Copy out the entries below exactly as they stand, but only from the line containing "Poids en carats : 9,01 carats" through the line containing "Style : Boucles d'oreilles".

#### RECORDS FOR THIS EXERCISE
------------------------------------------------------------

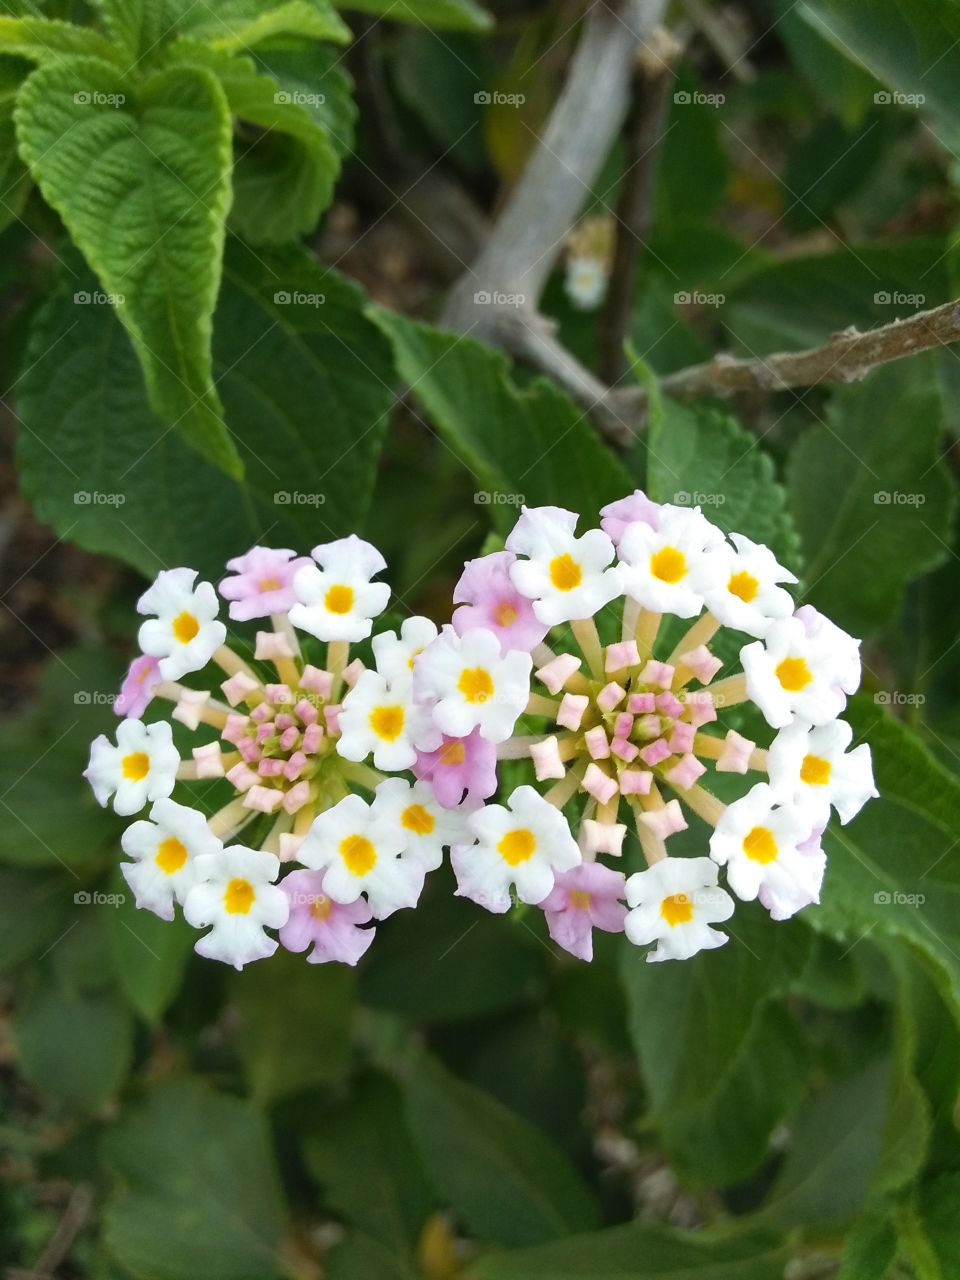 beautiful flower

------------------------------------------------------------

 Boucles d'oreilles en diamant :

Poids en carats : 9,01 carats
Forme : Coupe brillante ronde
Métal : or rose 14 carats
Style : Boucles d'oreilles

------------------------------------------------------------

#### REPLY
Poids en carats : 9,01 carats
Forme : Coupe brillante ronde
Métal : or rose 14 carats
Style : Boucles d'oreilles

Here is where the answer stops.